It doesn’t take long for daylight to come along and slap you in the face. Today may be one of those days. It is Sunday, better known as the day before Monday. Traditionally, Sunday is the day when people are the most volatile, needing to cram all of the weekend they can into the fleeting, brief hours left them before Monday comes crashing in, alarm clocks blaring, coffee spilling onto sleeves, lunch bags left on car tops to tumble gracelessly on streets filled with angry commuters who want nothing more than to flatten a helpless lunch.
Last night, on television, there was a movie called “The Purge.” For some reason they let people go completely crazy and kill each other in horrible ways once year. I think it was once a year, and I am not sure what the reasoning was behind the wholesale slaughter, I wasn’t paying that much attention.

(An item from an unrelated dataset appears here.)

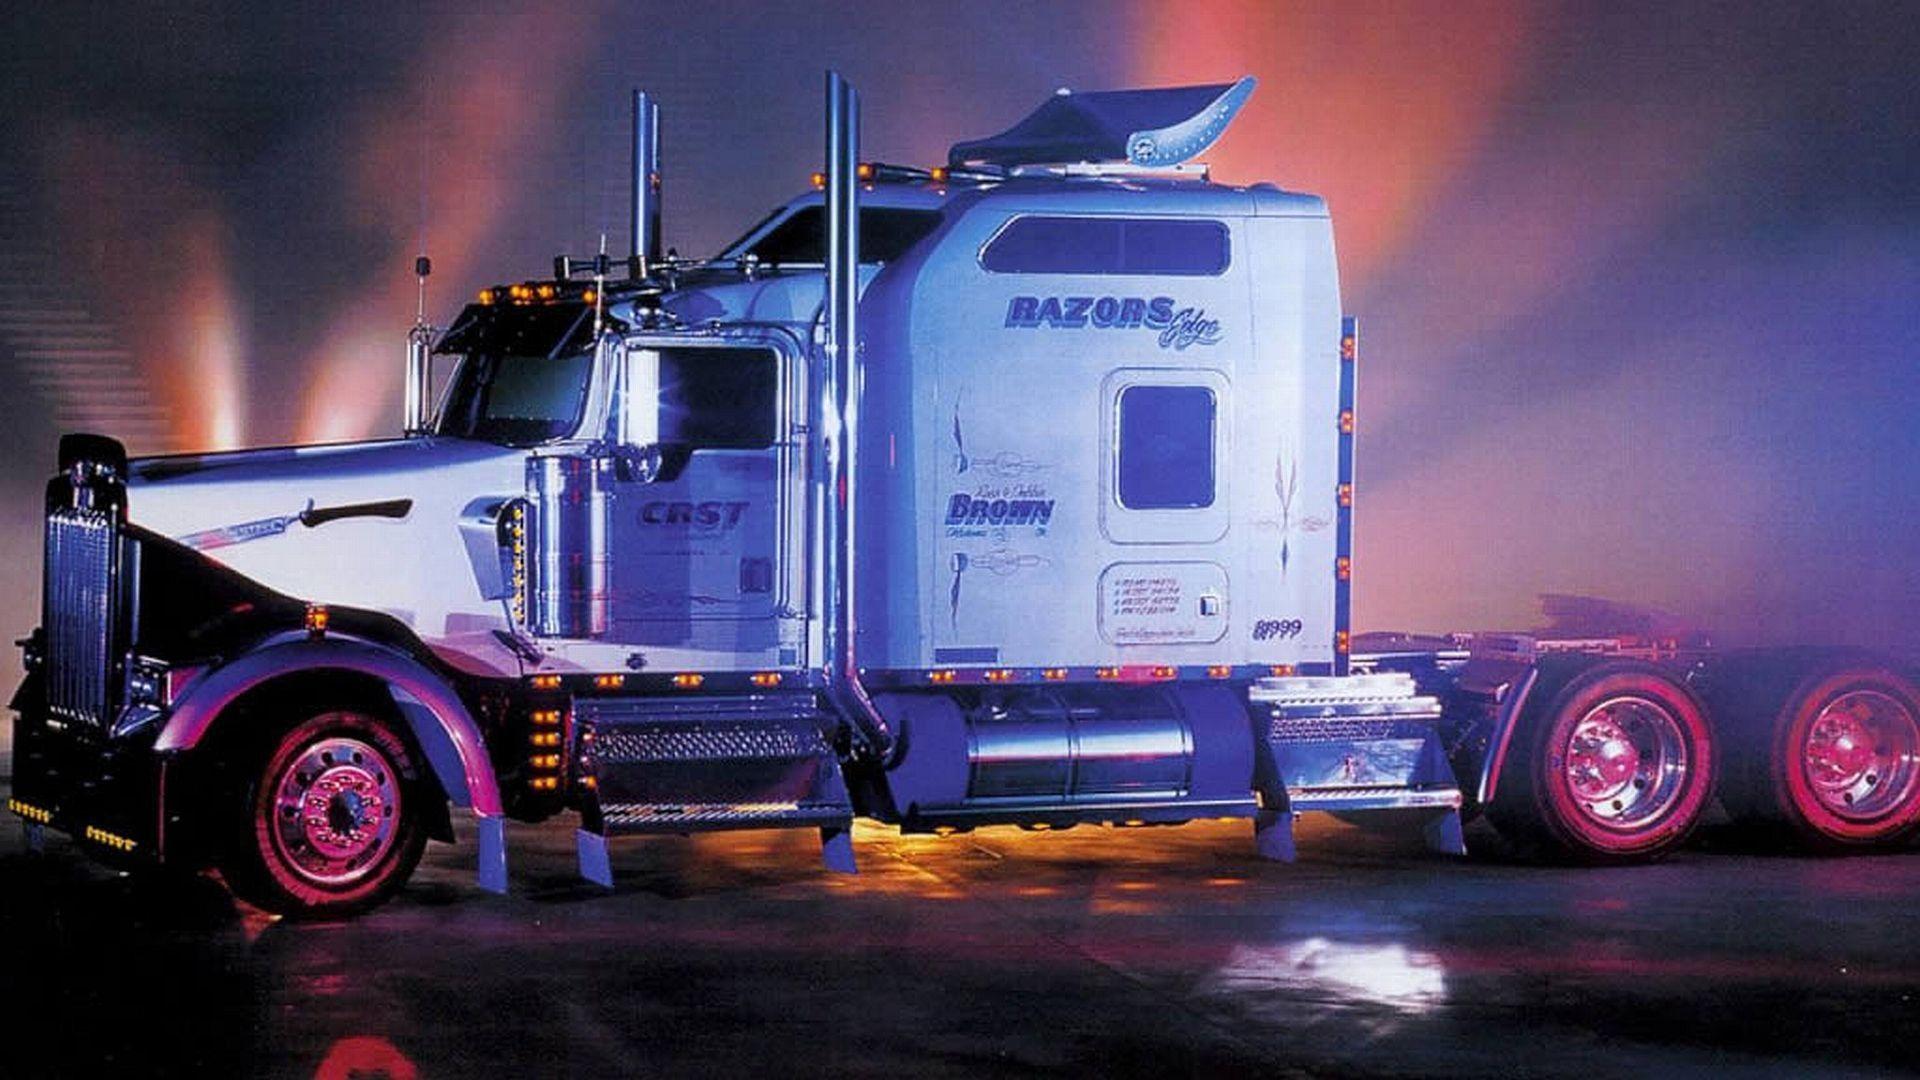 Inspirational Truck Background Truck Wallpaper Trucks Truck Pictures

Anyway, it seems obvious, to me, anyway, that the Purge had to take place on Sunday, and Monday. It probably starts shortly after breakfast on Sunday, when the realization hits that the weekend is escaping. Which is quickly followed by a mad, homicidal dash to cram a few more things into the rapidly retreating day off.
“Quick, grab the camera and a cooler full of drinks, and snacks, we are headed to the park to have a good time.” Unfortunately, that same cry is being sounded, more or less, across the city. People scramble to clean the table of dishes. Opting, in many cases to throw them in the trash rather than take the time to scrape them clean before loading them in the dishwasher. In a mad dash they head toward the garage, glaring, growling, and snapping like a rabid batch of Tasmanian devils.

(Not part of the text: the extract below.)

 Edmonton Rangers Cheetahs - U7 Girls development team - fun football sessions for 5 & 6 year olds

“Did you brush your teeth, you little ingrate?” “Just get in the car, daylight’s dying.” “Has anybody seen my asthma inhaler?” “Wait, I forgot to put on pants.”
But, loaded and buckled in they fly toward the zoo, amusement park, reservoir, whatever fun destination they can reach quickly and begin a day of glorious weekend fun.
Suddenly, sadly, the painful realization that everybody in town had the same idea. Streets are packed with cars filled with bickering resentful families, on the verge of civil war. Traffic is at a complete standstill. And that is when the anger takes hold.
Grabbing his Wilson Six One 95 Pro tennis racket ($199.00 Amazon with free shipping) Dad decides to decapitate the guy in the Nissan Pathfinder in front of his car, which is sitting, and not moving an inch, in front of his car.
Unfortunately, at that very moment Pathfinder Father had decided to smash in the skull of the moron who is just sitting in the Mercedes G Class who has not budged an inch and is right in front of him. He jumps out brandishing his Ping Bubba Deluxe ($3099.00 Golf Discount Warehouse).
In what is turning out to be a disturbing routine, the Mercedes driver is getting out to exact revenge on the Suburban driver.
Soon the street is filled with angry parents, circling each other menacingly, wielding expensive sporting goods. Wives and children begin complicated flanking maneuvers, attempting to encircle the enemies in a crushing pincer. But, every family is occupied in the same fashion. Soon we have a line of families lining both sides of the street, looking like a scene from West Side Story, at Dick’s Sporting Goods.
But, the power of Sunday dinner ends the stalemate, and families move toward their cars, an amoeba like group watching all directions for possible counter attack. Finally making their way home.
“Wow, that was fun, let’s do it again next weekend.”